The Nigeria Inter-Bank Settlement System (NIBSS) similarly noted that Nigerian banks lost N3.5b between July and September 2020 to fraud-related incidences, representing a 534 per cent increase from the same period in 2019, which was N552m.
   
Speaking at the launch of a new book, “Mentoring In Academia and The Civil Service For Fraud Prevention in Nigeria,” edited by Prof. Kabiru Dandogo, Senator Gabriel Suswam lamented that the country is heading for the worst with imminent collapse, if leaders fail to mentor younger generations.

He equally raised concern over loss of quality in the nation’s civil service system, stressing there was urgent need to make the system productive and efficient, while taming fraudulent activities.
  
Suswam noted that the country requires necessary help, as it has been running huge deficit budgets.  “Mentoring is what our political leaders should do to the younger ones.
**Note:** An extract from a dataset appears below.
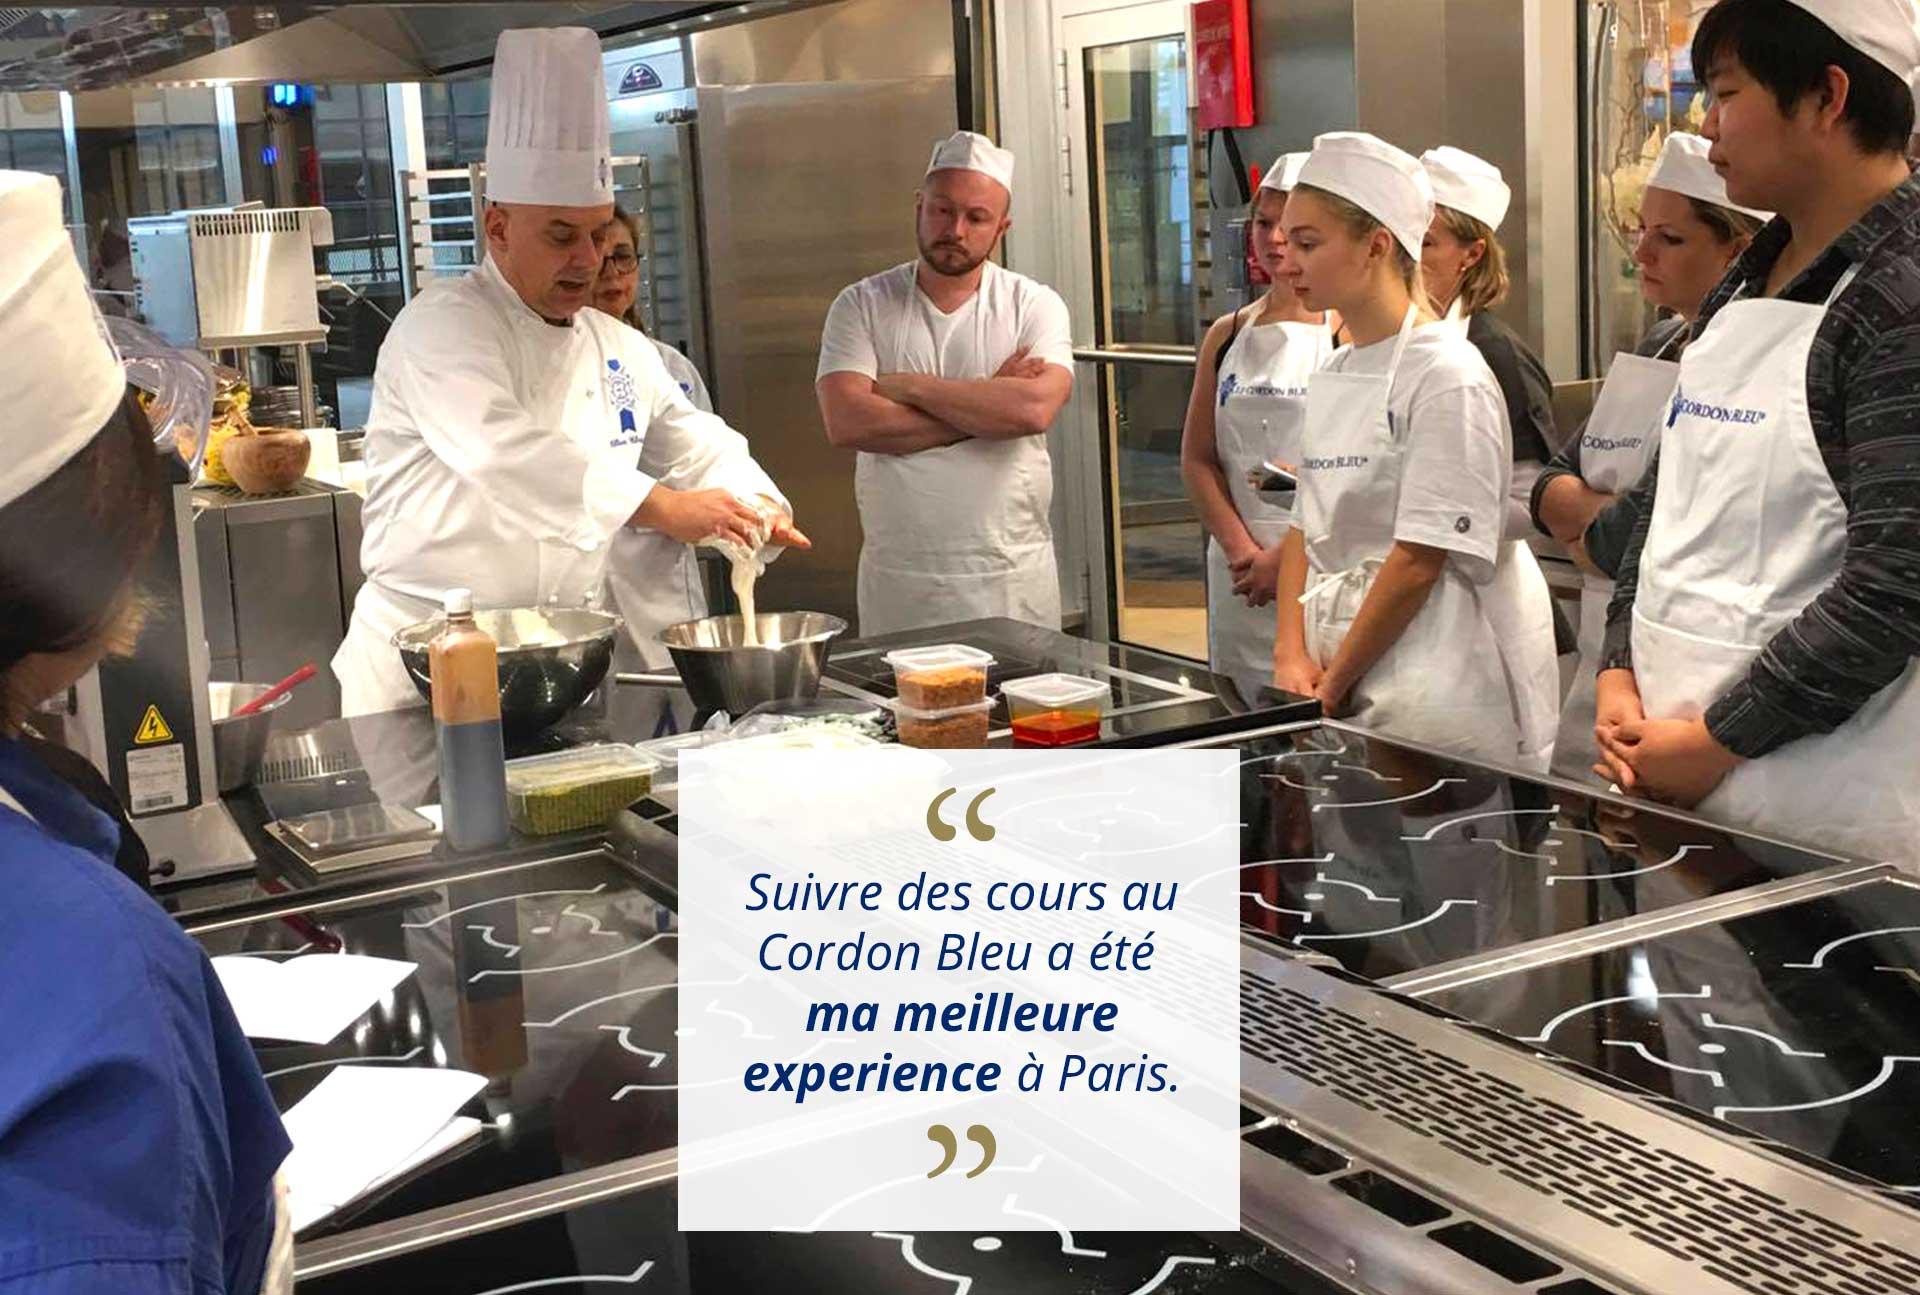 Avis ateliers cours de p tisserie le cordon bleu paris - Cours de cuisine cordon bleu ...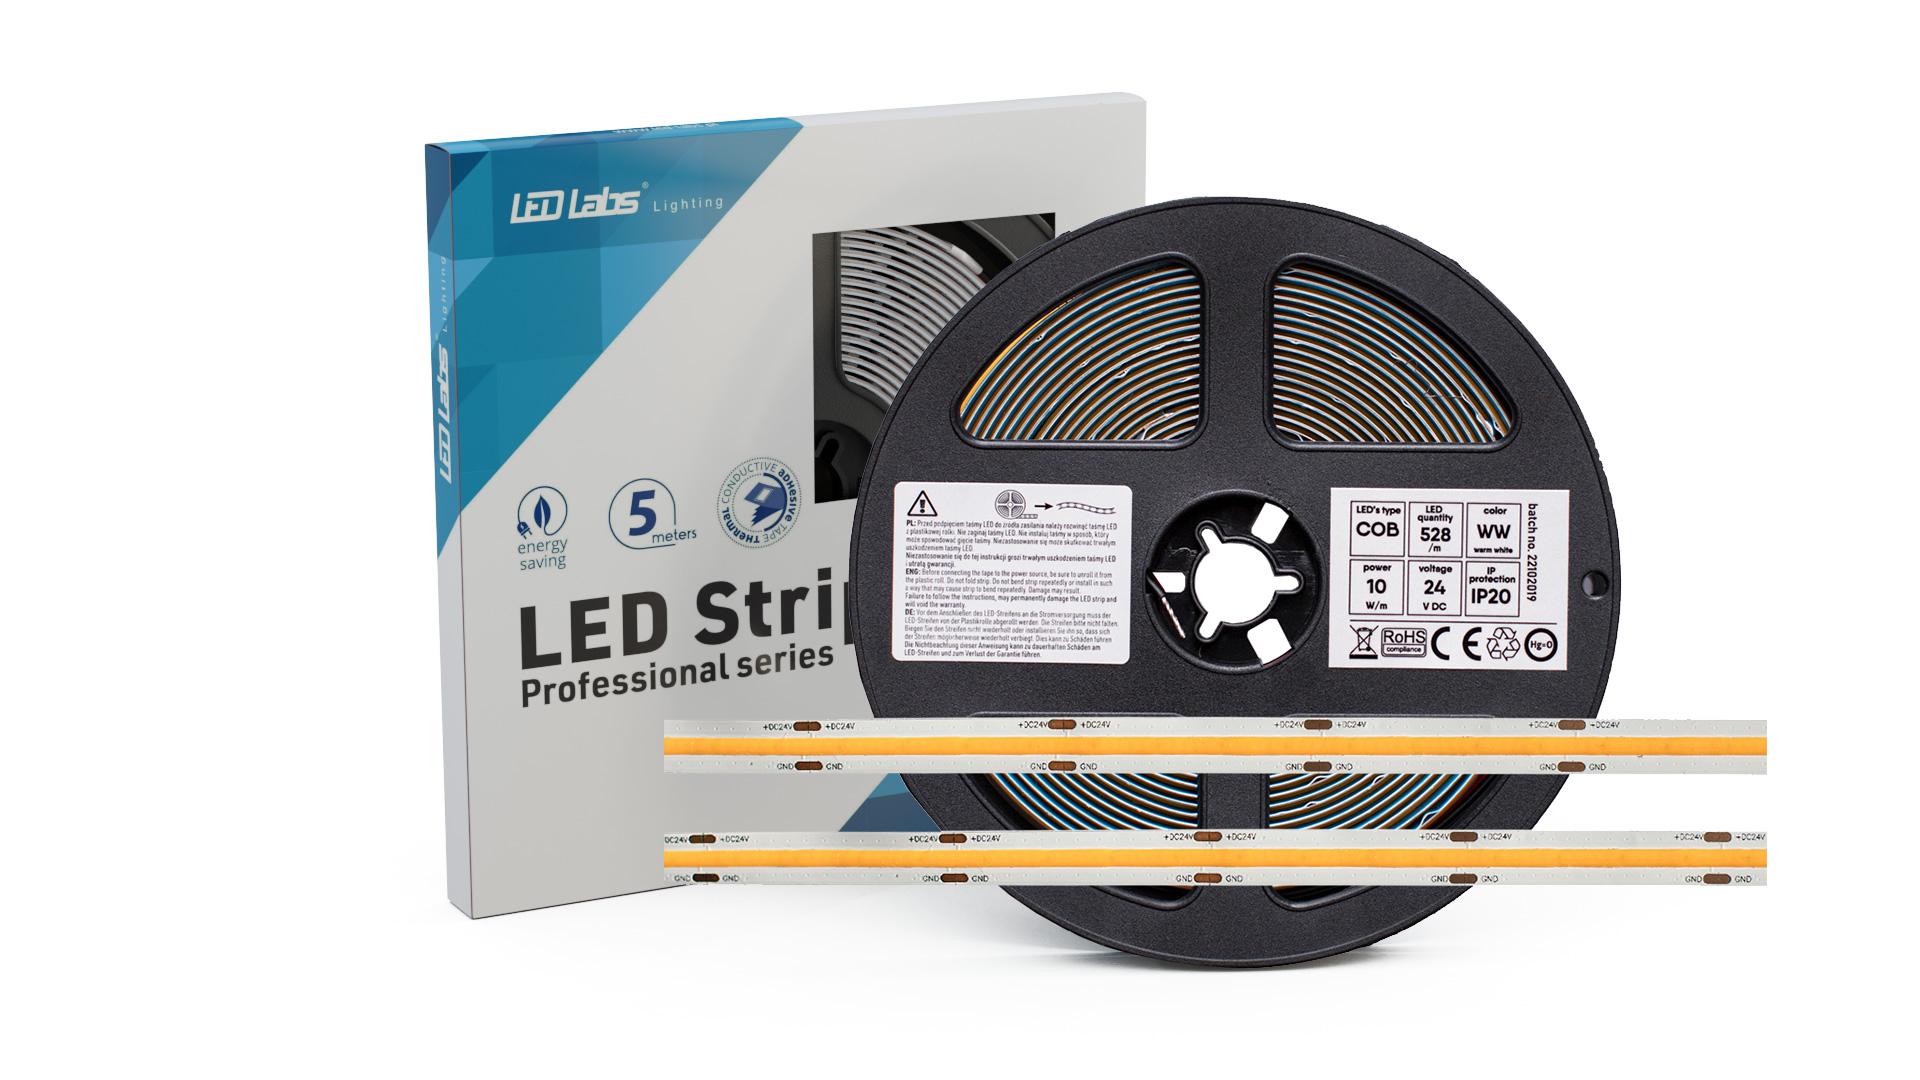 Taśma PRO 3Y 24V 2640 LED COB 10W NW

Nigeria is changing and changing very fast. If we don’t properly mentor younger ones, of course in the next 10 years, one will wonder whether we will still have the country together. In America, there are deliberate efforts to mentor younger generations.”
 
Former Accountant General, now Managing Consultant, JK Consulting Limited, James Naiyeju, noted that lack of mentoring accounts for the growing rate of fraud in Nigeria. “A lot of people are committing fraud because they are far away from what we call ethics of the society,” he said.
  
He stated that people must be made to account for the source of their wealth, adding that building a strong system and taken necessary actions as citizens, especially submitting to mentors would go a long way to limit fraud in the country.
  
Africa Tax and Legal Services Leader, PWC, Dr. Taiwo Oyedele, insisted that mentoring remained one of the critical things Nigeria needed currently.
   
According to him, mentoring has to cut across academic institutions, private and public sectors, stressing that people needed to be mindful of the fact that being celebrated as leader does not translate to getting everything right. 
   
One of the book reviewers, Prof. Olajumoke Halisu, noted that taming fraud would increase the nation’s prosperity and advance unity, faith, peace and progress.